Only the pictures are to be left out; the listing itself is repeated exactly.

- **Given information**:
---

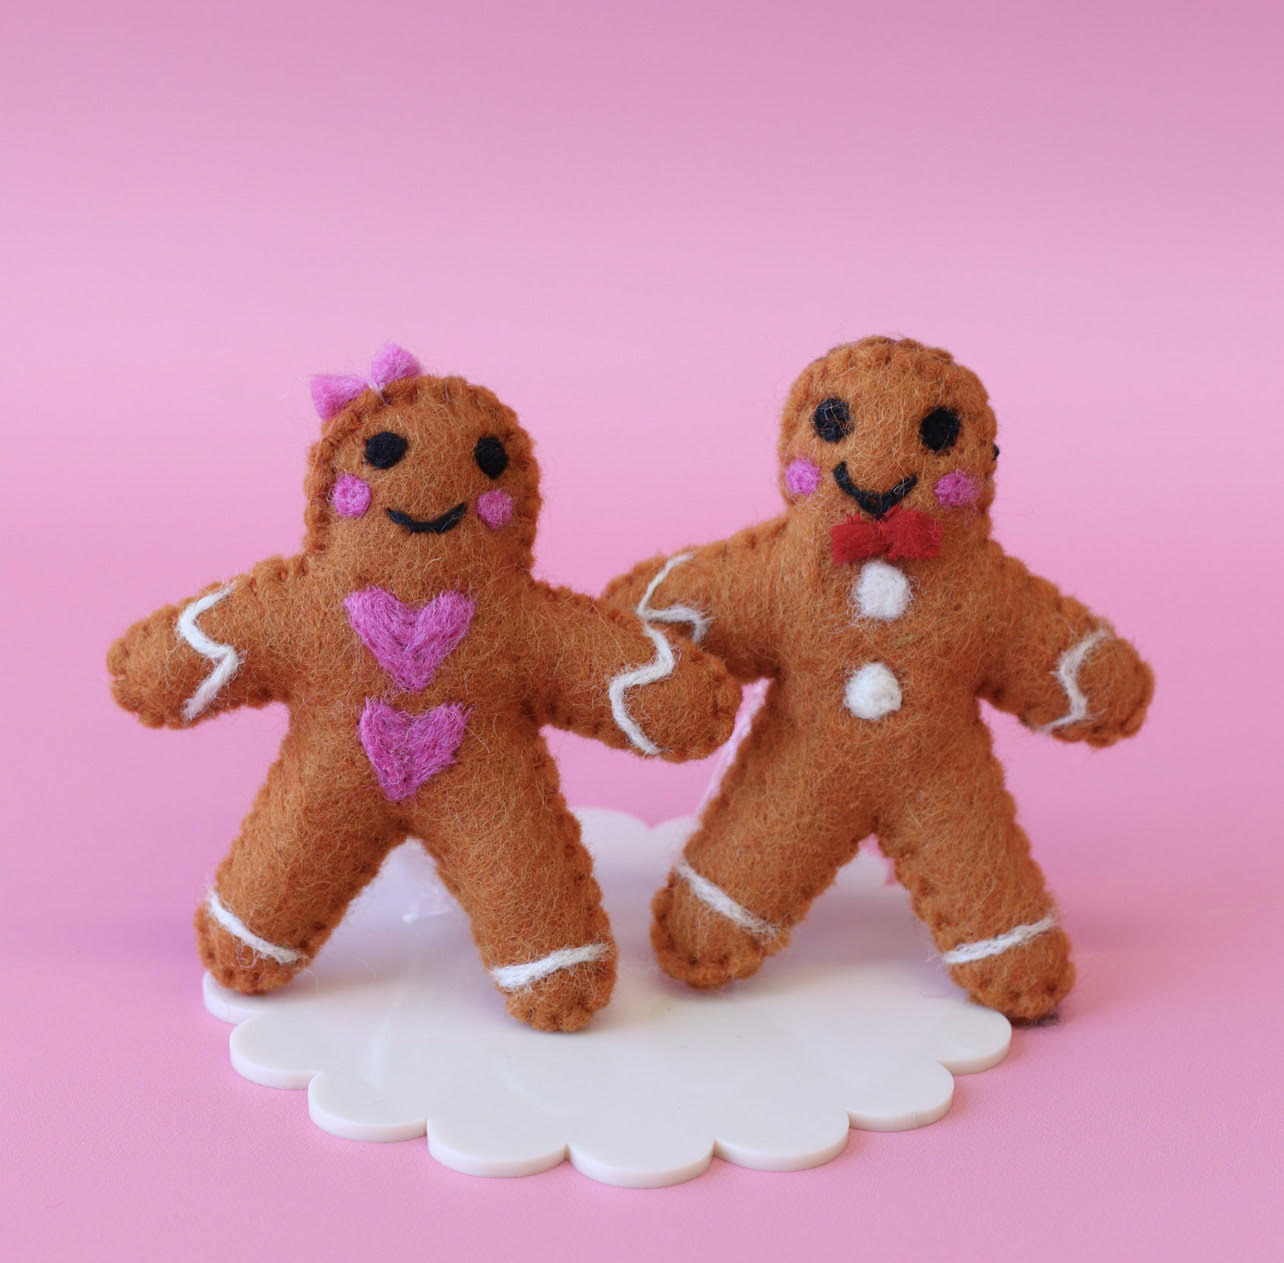 Ginger the Gingerbread kid - pink
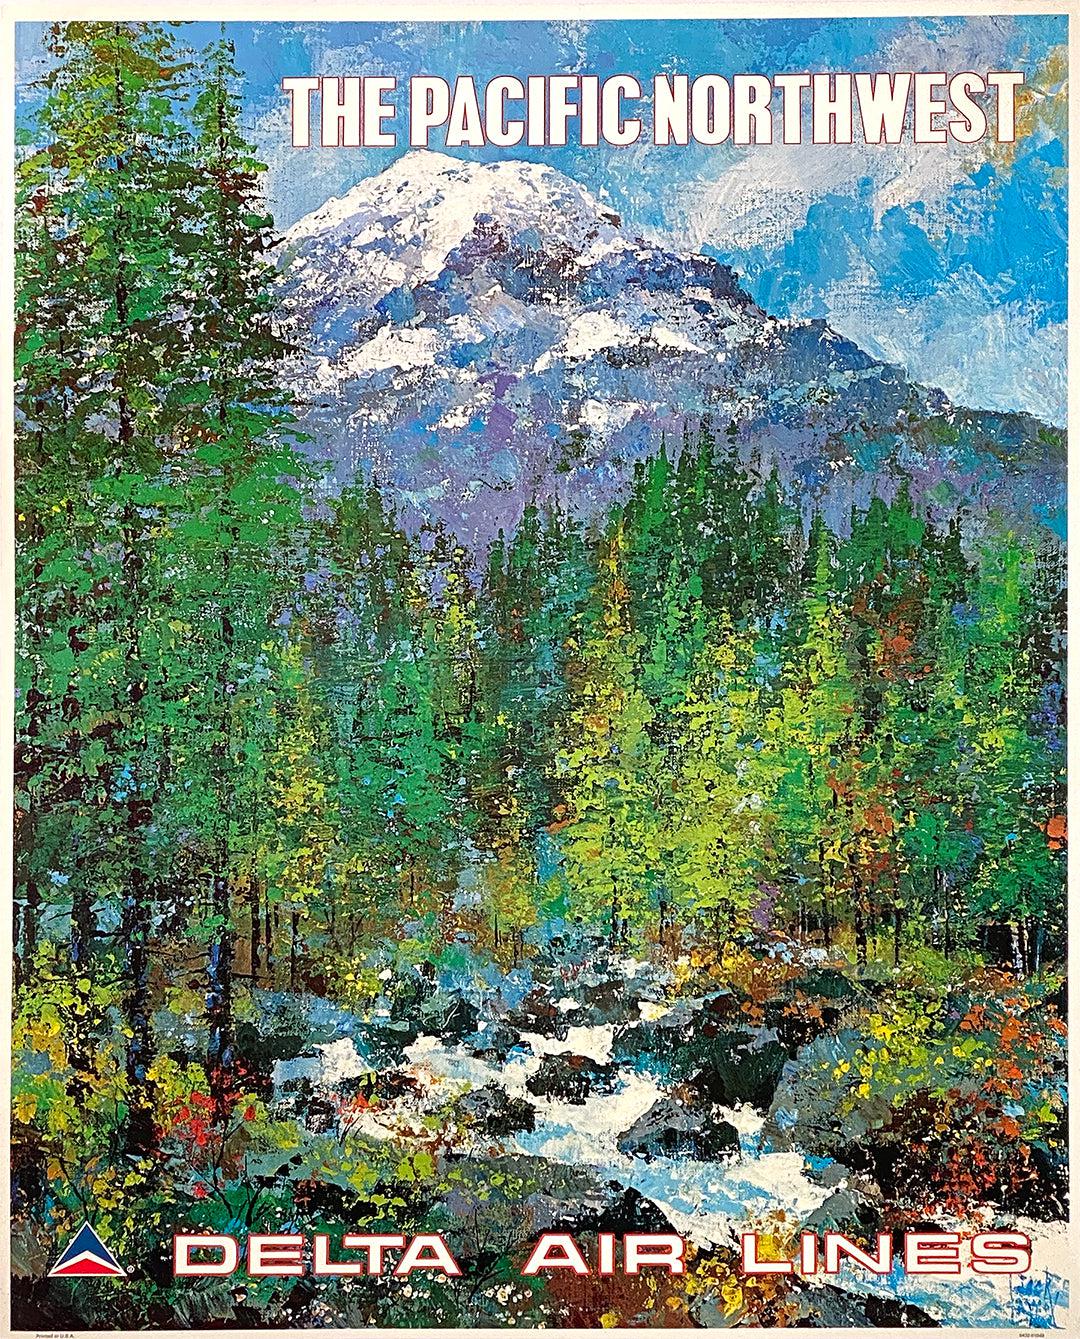 Delta Air Lines Poster for the Pacific Northwest by Jack Laycox 1975
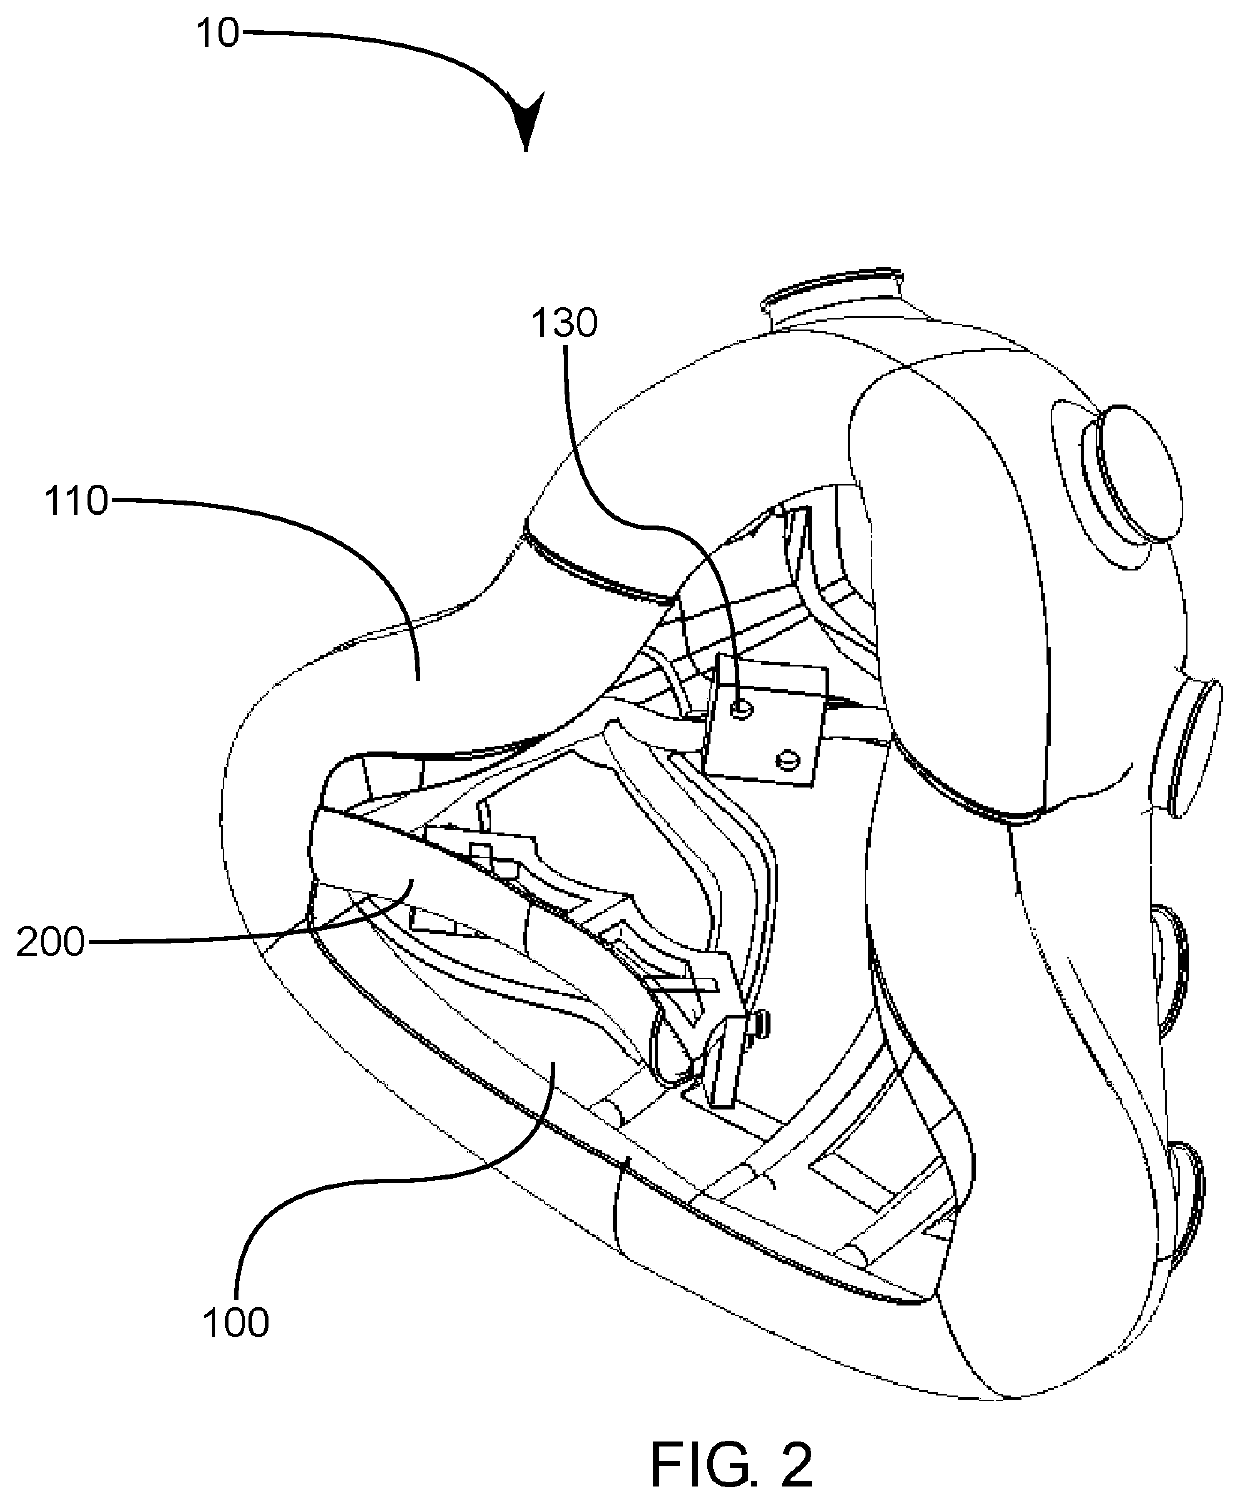 Facial mask with internal intermediate maxilla support for use with ventilation and positive air pressure systems
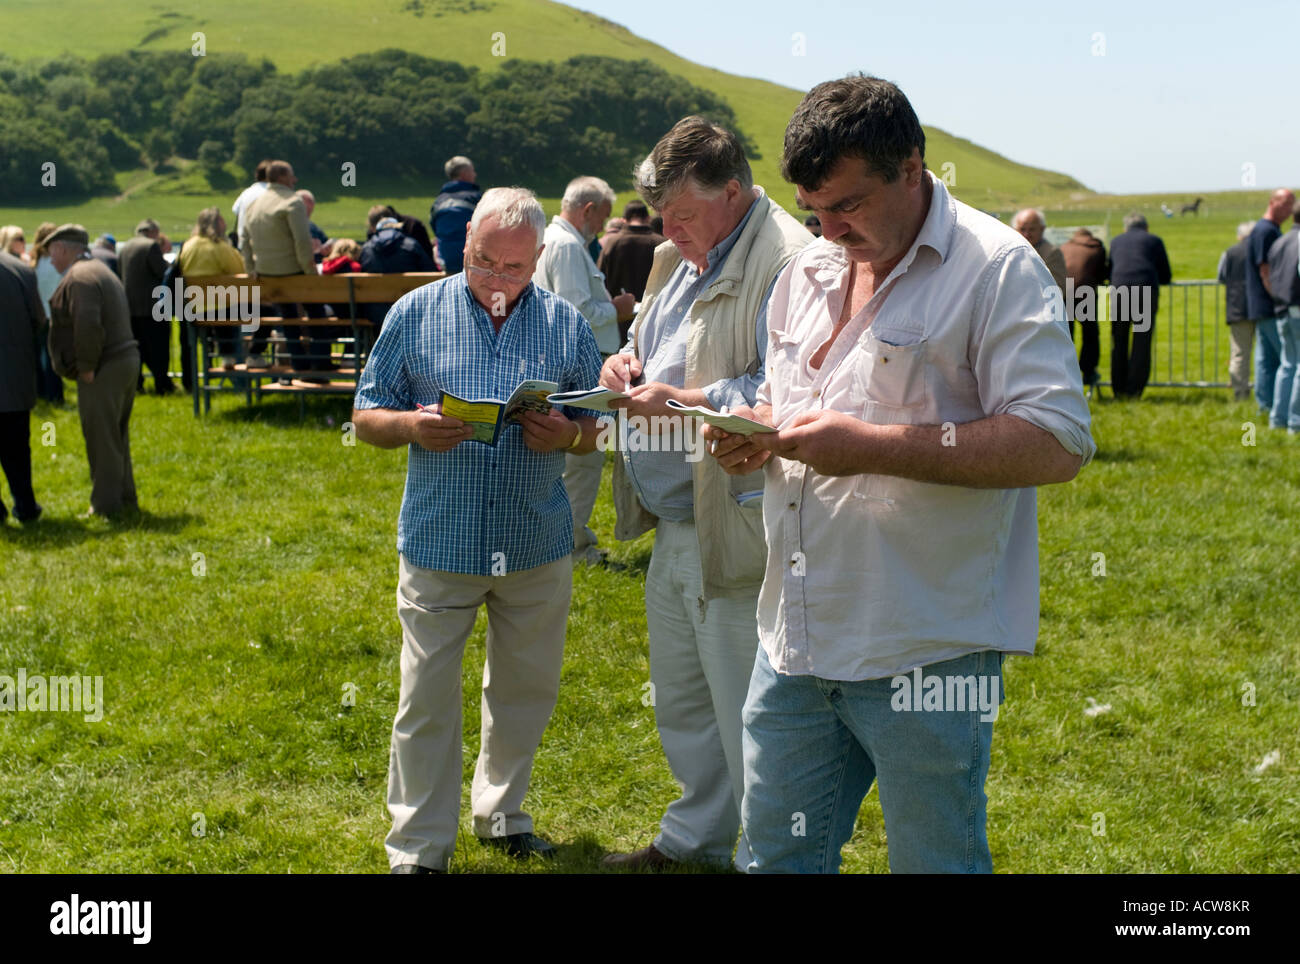 men checking the race programme for horses to bet on harness trotting horse races Aberystwyth july 2007 Stock Photo

---

- **Exercise answer**:
 Ginger the Gingerbread kid - pink
 Delta Air Lines Poster for the Pacific Northwest by Jack Laycox 1975
 Facial mask with internal intermediate maxilla support for use with ventilation and positive air pressure systems
 men checking the race programme for horses to bet on harness trotting horse races Aberystwyth july 2007 Stock Photo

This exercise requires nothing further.